We will assume that we have three non-colluding parties P0, P1, and P2 that are willing to perform computations together, namely training neural networks and using them for predictions afterwards; however, for unspecified reasons they do not wish to reveal the learned models. We will also assume that some users are willing to provide training data if it is kept private, and likewise that some are interested in using the learned models if their inputs are kept private.

To be able to do this we will need to compute securely on rational numbers with a certain precision; in particular, to add and multiply these. We will also need to compute the Sigmoid function 1/(1+np.exp(-x)), which in its traditional form results in surprisingly heavy operations in the secure setting. As a result we’ll follow the approach of Building Safe A.I. and approximate it using polynomials, yet look at a few optimizations.

This post also exist in Chinese thanks to Jakukyo Friel.

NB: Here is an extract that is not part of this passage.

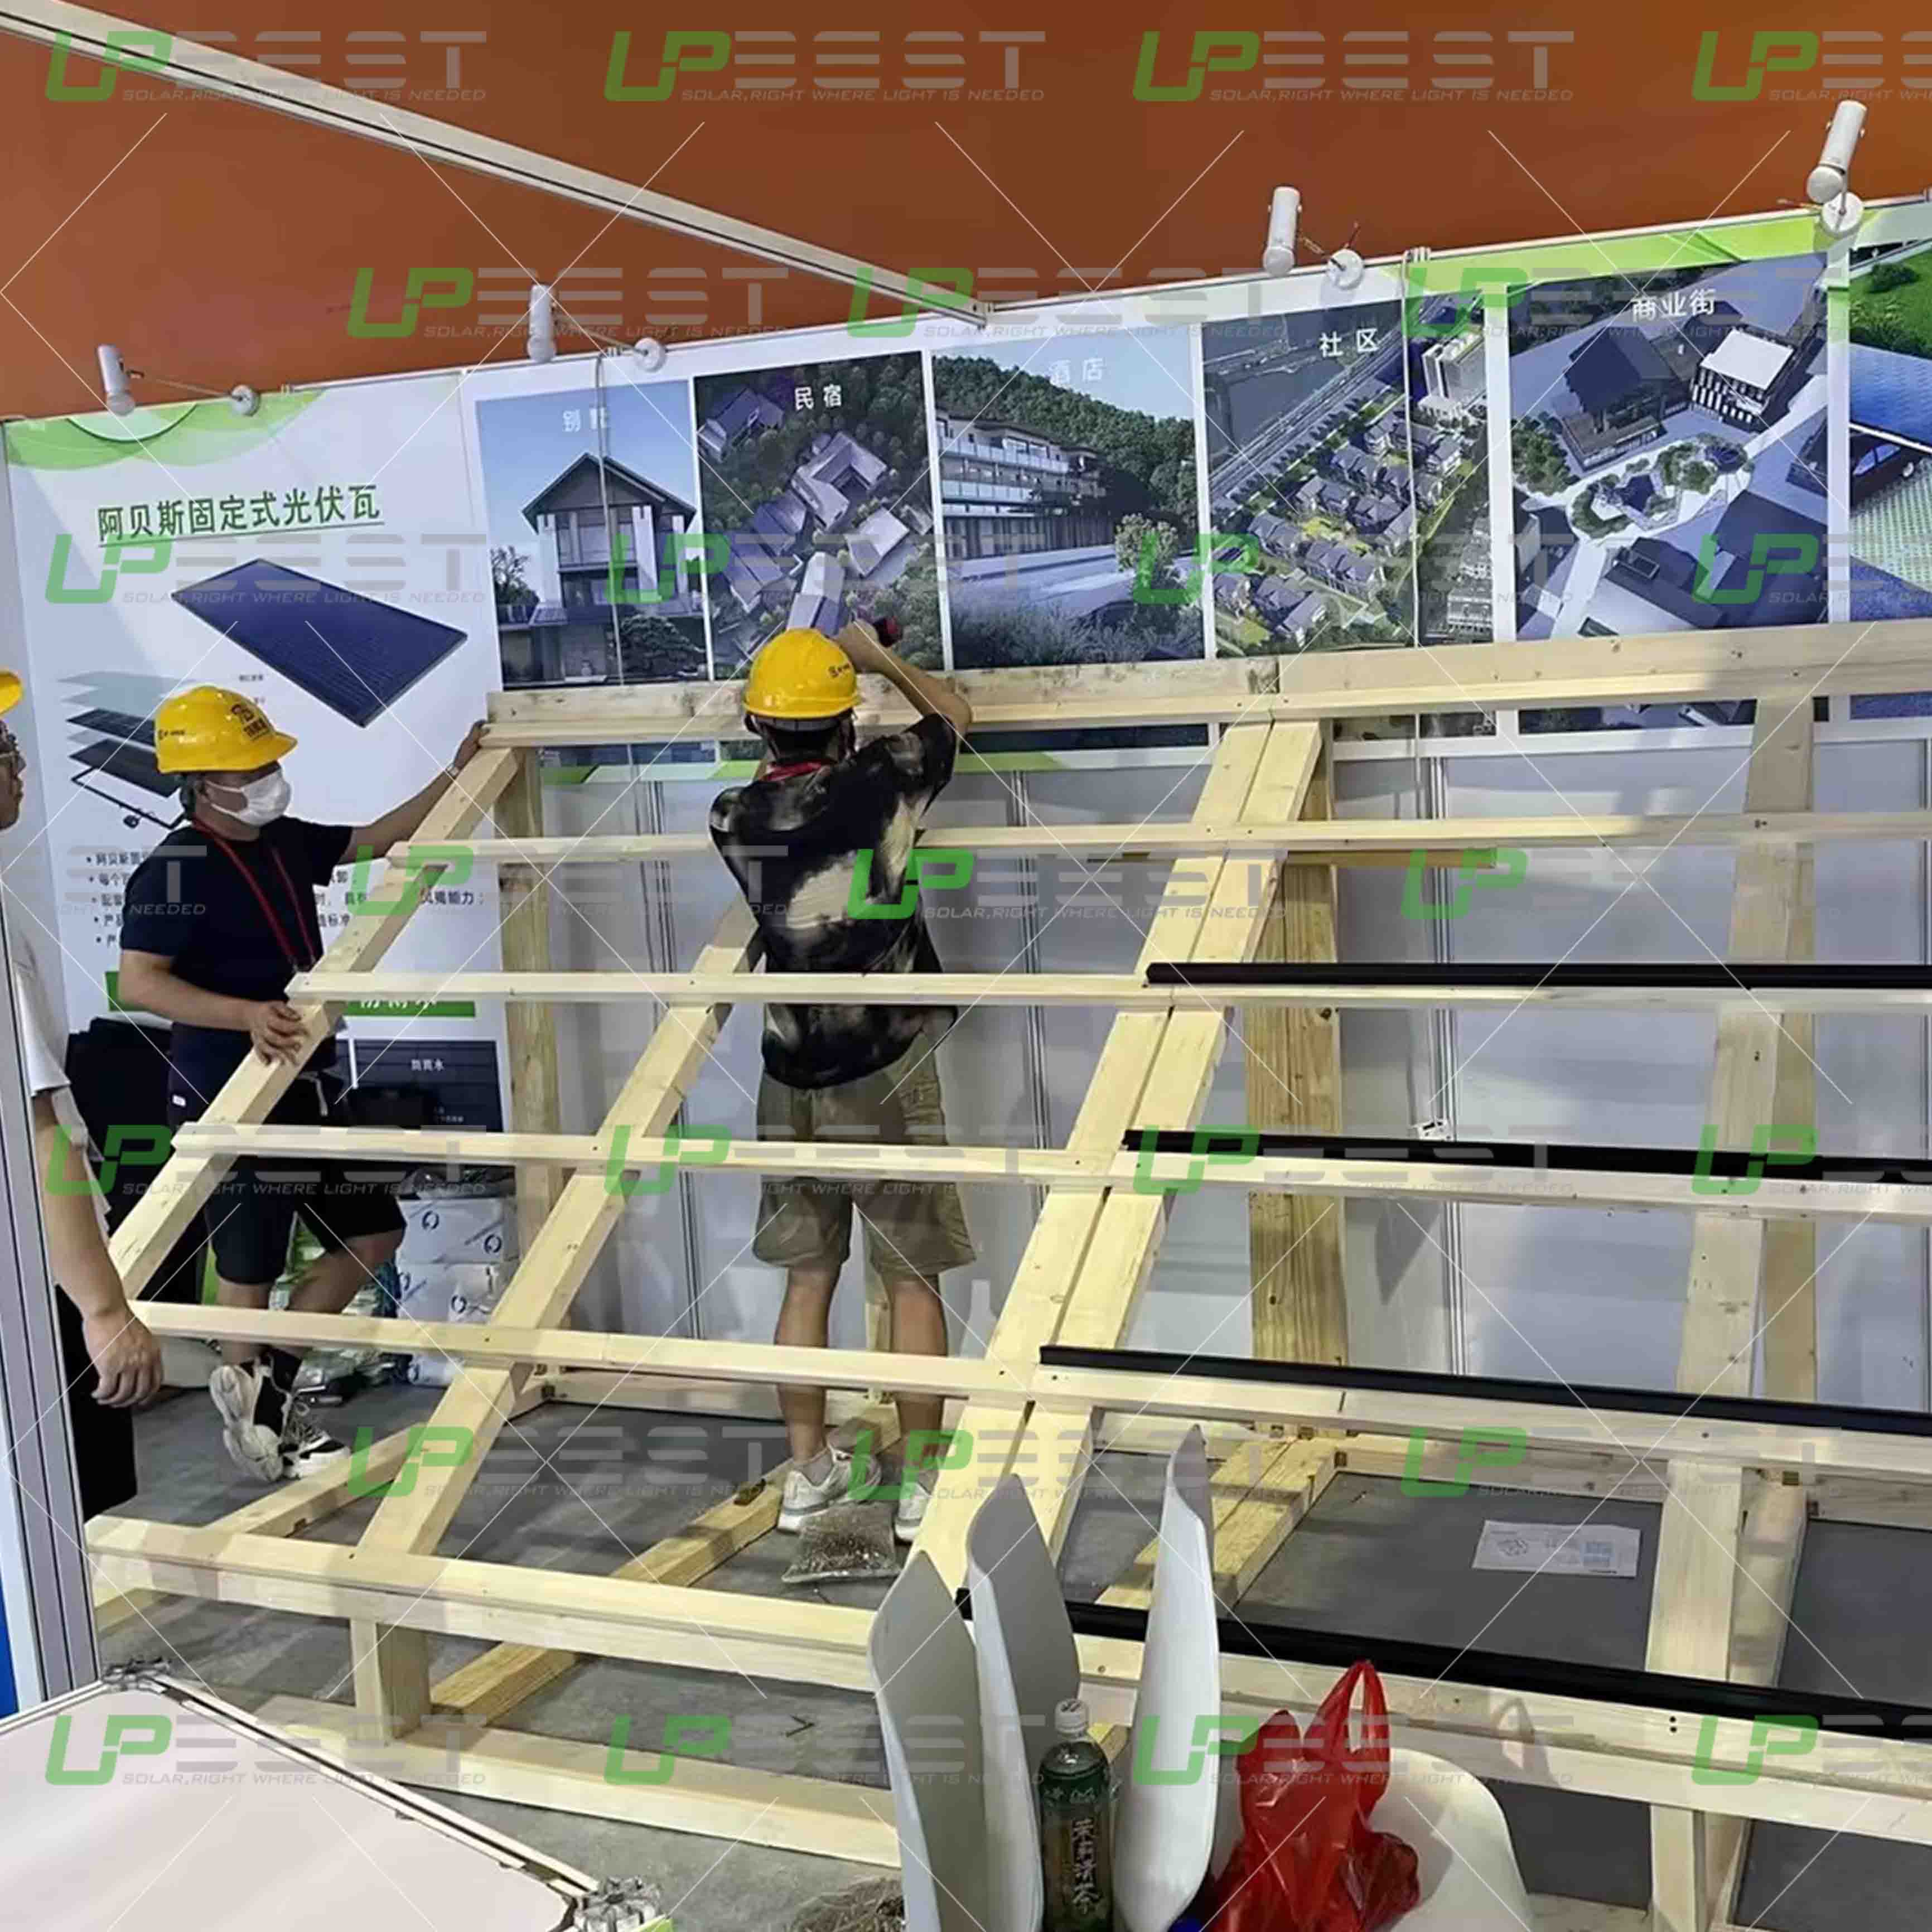 Upbest, 제16회 중국 국제 통합 주택 산업 및 건축 산업화 박람회에서 최첨단 BIPV 패널 전시

Secure Multi-Party Computation

Homomorphic encryption (HE) and secure multi-party computation (MPC) are closely related fields in modern cryptography, with one often using techniques from the other in order to solve roughly the same problem: computing a function of private input data without revealing anything, except (optionally) the final output. For instance, in our setting of private machine learning, both technologies could be used to train our model and perform predictions (although there are a few technicalities to deal with in the case of HE if the data comes from several users with different encryption keys).

As such, at a high level, HE is often replaceable by MPC, and vice versa. Where they differ however, at least today, can roughly be characterized by HE requiring little interaction but expensive computation, whereas MPC uses cheap computation but a significant amount of interaction. Or in other words, MPC replaces expensive computation with interaction between two or more parties.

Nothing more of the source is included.